What do you predict for the next five years of Cassandra?
Some things we'll probably see include expanding our support for Triggers into more general server-side code integration, support for explicitly archiving infrequently-used parts of tables, and optimizations for specific workloads such as time series data. We also expect to incorporate recent computer science research such as EPaxos and RAMP transactions to improve performance and provide new features.
What's most important, however, is the way Cassandra users will change the world over the next five years. Cassandra projects are embedded at leading enterprises that are fundamentally changing how people live - and this is where Cassandra will truly make its mark. It's all about the users implementing this revolutionary technology.

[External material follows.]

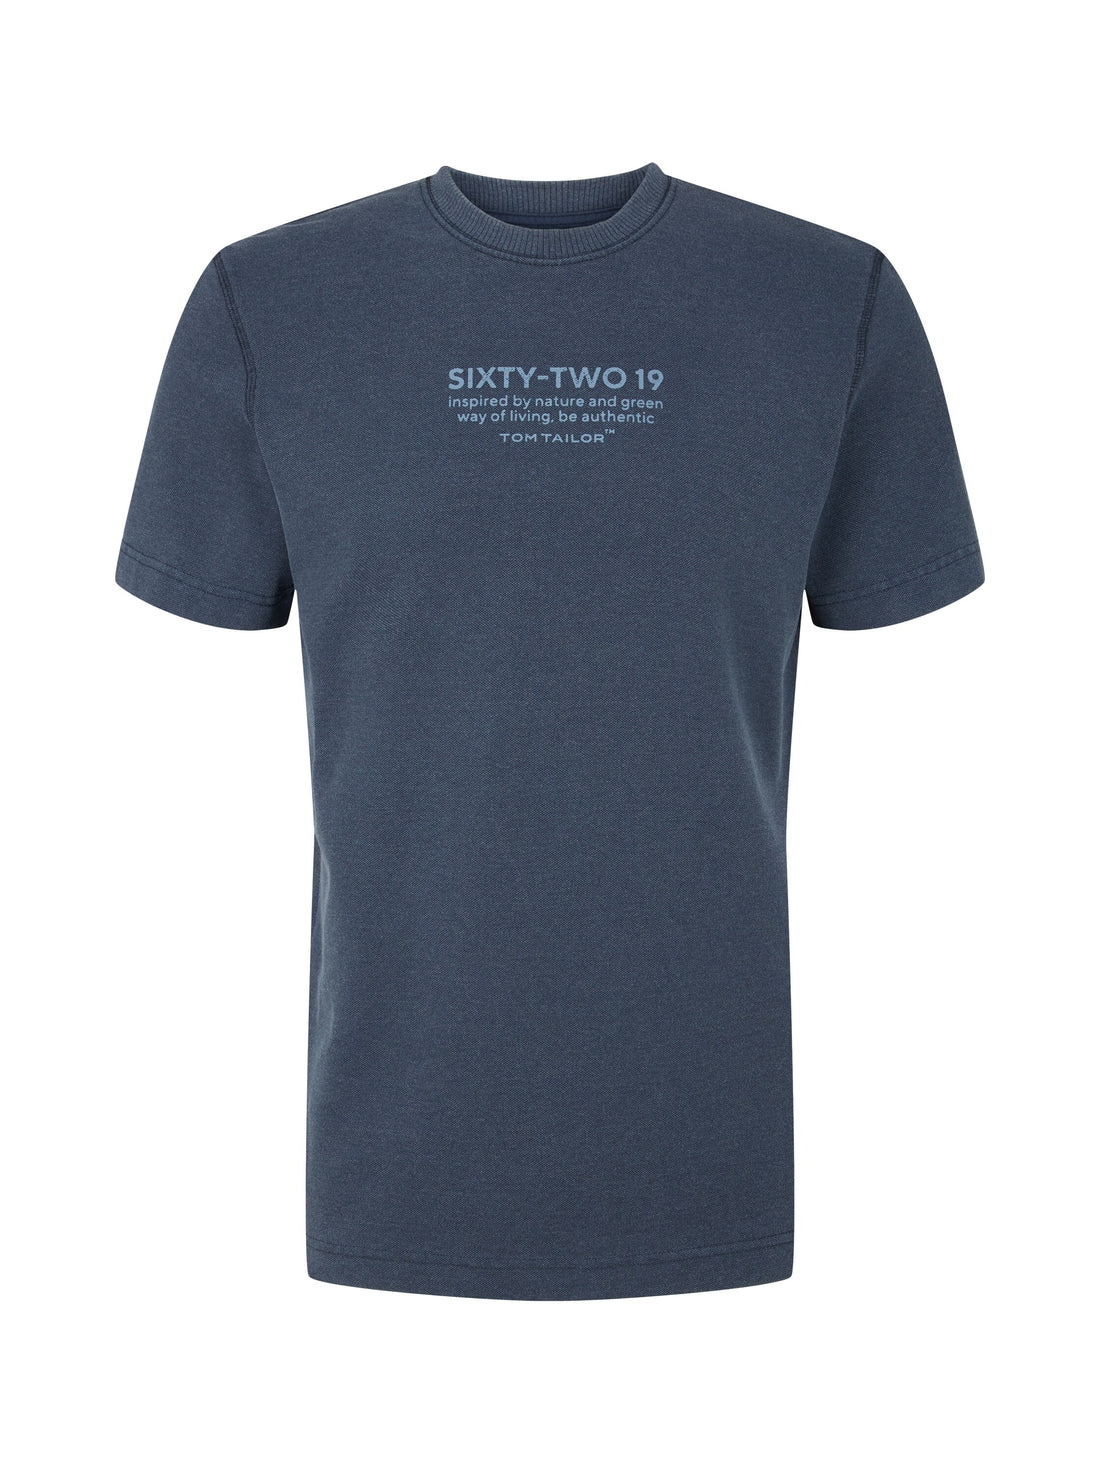 Navy Blue Short Sleeve Round Neck Graphic T-Shirt

Jonathan Ellis: DataStax Chief Technology Officer & Co-Founder (@spyced)
As Chief Technology Officer and co-founder at DataStax, Jonathan sets the technical direction for the company and leads Apache Cassandra as project chair. Prior to DataStax, Jonathan led Rackspace's Cassandra team and built the Cassandra community into an open source success. Previously, Jonathan built an object storage system based on Reed-Solomon encoding for data backup provider Mozy that scaled to petabytes of data and gigabits per second throughput.